Con’s phone buzzed, and he snapped it to his ear. He listened for a beat before putting it on speaker.
Opal’s voice exploded through the vehicle. “A tracker’s missing! She took a tracker when she left.”
Ash’s head came up. “Trace that tracker. Even if he stripped her and moved her to a new location, we’d be close.”
Another voice filtered in. Elin’s voice was frantic. “She wiped some files from her computer. I’m not sure yet what she was researching—or what she found.”
Ash remembered then. The last message he’d sent her. 459.
He drew out his phone and switched it out of airplane mode. It took a few seconds for it to come back online, and when it did, he saw her message.
4592
She’d deciphered his code…and said she loved him too.
He was grappling with hard emotions when Dante’s voice broke into his thoughts.
“I got the tracker. Pulling up satellite now. I’ve got the heat sensor.” A beat of silence, then Dante picked up his head and looked at Ash. “There are three people in there.”
The guys talked over each other.
“The tracker can’t be on her clothes.”
“If Cipher stripped her, he would have found it and destroyed it.”
“She’s got nothing on her.”
Opal’s voice on the speaker cut through his spiral, the sound slightly amused and almost filled with…
Awe.
“I think she swallowed it.”
Every head turned toward the phone Con held.
A smile echoed in Opal’s voice. “The tracker. Before she left, she swallowed it.”

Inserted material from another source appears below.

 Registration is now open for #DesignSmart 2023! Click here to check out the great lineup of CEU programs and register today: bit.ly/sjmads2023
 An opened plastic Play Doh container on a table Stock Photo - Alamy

The silence lasted about two seconds.
“That’s—” Sinner started.
“Brilliant,” Opal finished his sentence. “It’s fucking brilliant.”
Ash closed his eyes for one second. Just one.
That was all he’d allow himself to lose his grip.
He opened his eyes and gave the order. “Follow that signal.”
* * * * *
“What kind of plan?” The voice was hoarse, and it sent a chill through her to think that it might be so rough because he’d been screaming.
Possibly tortured.
A shiver ripped down her spine and settled in the pit of her stomach like a black stone. Without her sense of sight, Ellory’s hearing seemed amplified. She turned her head in the person’s direction.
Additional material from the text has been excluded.